Fresh on the heels of Greece floating a sovereign bond for the first time since the economic crisis began four years ago, Prime Minister Antonis Samaras had to reject talk that a third bailout will be needed.
Samaras said the sale of a 3 billion euro five-year bond, which came as Greece tested the waters for a full market return once two international rescue packages run out, was proof the economy would begin to recover on its own.
That came after Eurozone finance chief Jeroen Dijsselbloem said talk of Greece’s recovery is premature.
“I’m quite convinced we’ll have to look at it very carefully after the summer to see what the future is and whether that needs another program,” Dijsselbloem said in an interview in Washington.
Bailout overseers say they don’t believe Greece is ready to go it alone. “They don’t have full access to markets as yet,” Dijsselbloem said, according to Bloomberg financial news service.
Most of the 240 billion euros ($331 billion) in the bailouts from the Troika (European Union/International Monetary Fund/European Central Bank) runs out this year and the IMF said Greece may need additional help until 2016, when the next national elections are scheduled.
In an article Sunday’s Greek daily Kathimerini, Samaras declared: “The country’s return to the markets rebuffs [speculation] about a third memorandum,” a prospect that German Chancellor Angela Merkel was careful to leave open on her whirlwind visit to Athens on April 11.
“Two years ago, when I was speaking about prospects and hope, the signs were not good.

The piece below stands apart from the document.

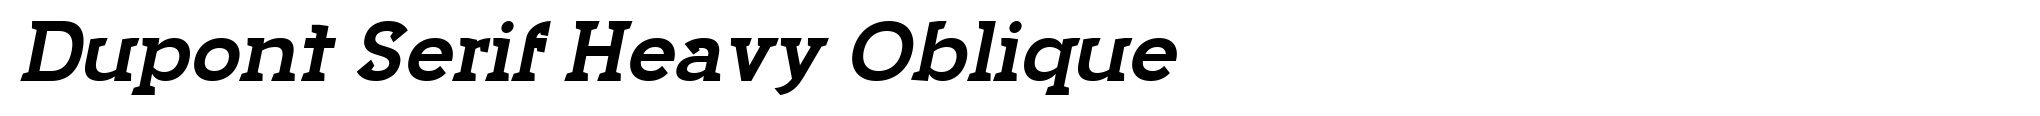 Dupont Serif Heavy Oblique image
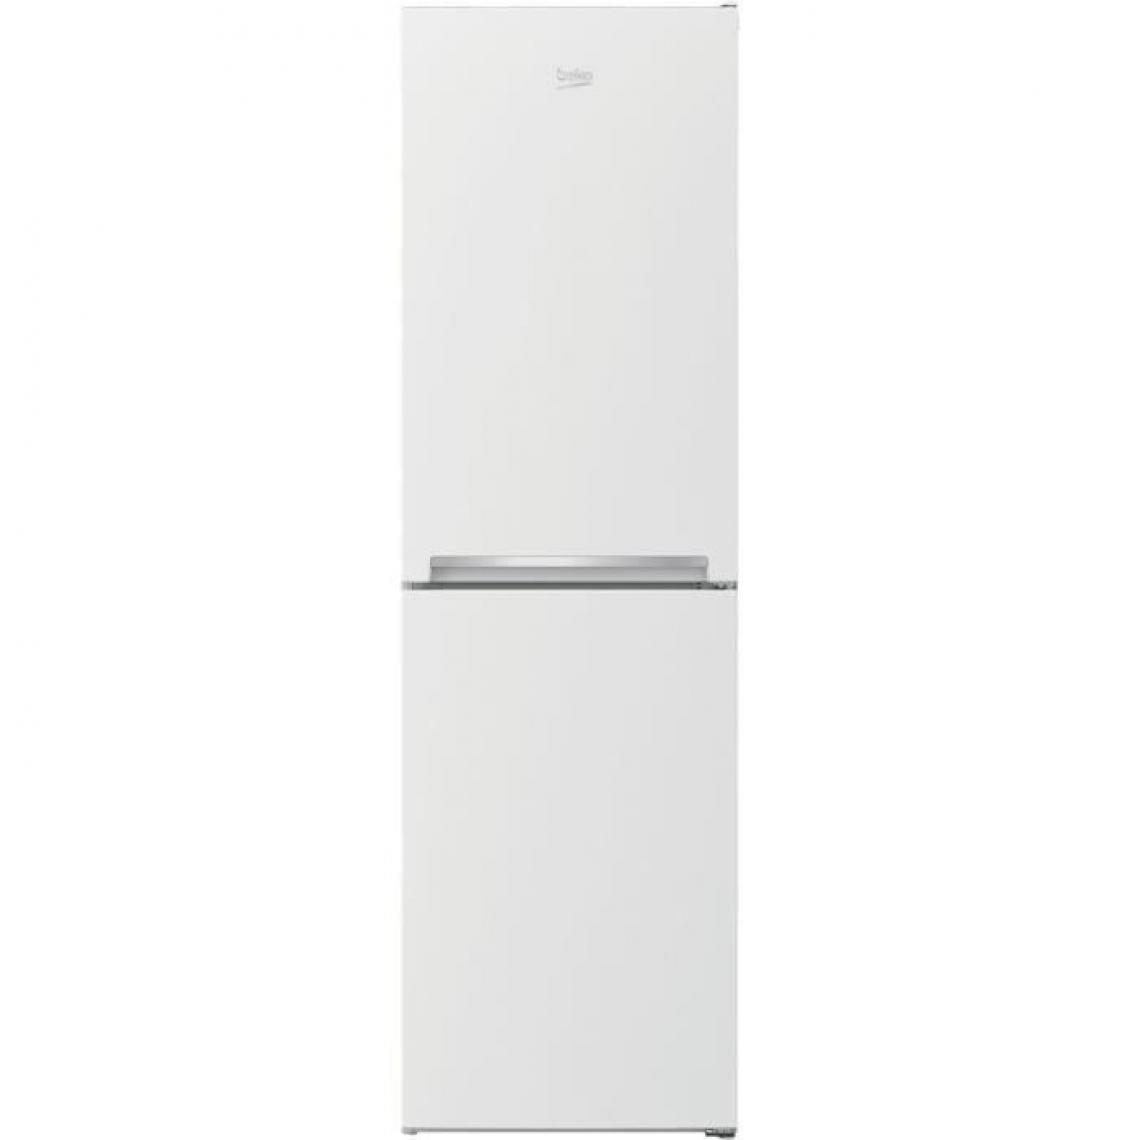 Beko - BEKO RCHE300K30WN - Réfrigérateur combiné pose-libre 270L (168+102L) - Froid ventilé - L54x H182,4cm - Blanc - Réfrigérateur

Few believed that we could make it,” Samaras wrote.
“Now, everyone can see it: Greece is succeeding, step by step.” He said his priorities now were growth-boosting measures and “relief for those who have been hardest hit” by austerity measures he imposed on Troika orders.
He provided neither details nor any programs to help workers, pensioners and the poor who’ve been buried under pay cuts, tax hikes, slashed pensions and civil servant firings.
The austerity measures have created deep poverty and record unemployment, worst for those under 25, but Samaras, who last year said he would put 75,000 young to work in January, hasn’t said a word on this since.
Samaras, whose conservative New Democracy party is facing a serious challenge in key elections for the European Parliament and Greek municipalities next month, attacked his critics.
He took shots at the main opposition Coalition of the Radical Left (SYRIZA) and at the neo-nazi Golden Dawn party, most of whose main players are on remand, pending trial on charges of running a criminal organization.
He said democracy had been challenged by “an irresponsible opposition which tried to rally the people against the country staying in the Eurozone” and by a “criminal organization” which used its MPs’ parliamentary immunity to launch “an unprecedented wave of violence.”
He didn’t answer why, as critics had said, he waited so long to go after Golden Dawn, whose members had been accused of orchestrating violence against immigrants, a charge the fascist party denied.
Others have said that the bond was floated as a political ploy, timed to benefit Samaras and New Democracy at the elections. Finance Minister Yannis Stournaras, however, said only two days prior to the bond sale that the issue was still being weighed, but Kathimerini quoted unidentified sources who claimed it had been decided on March 24 after months of secret talks at Samaras’ home.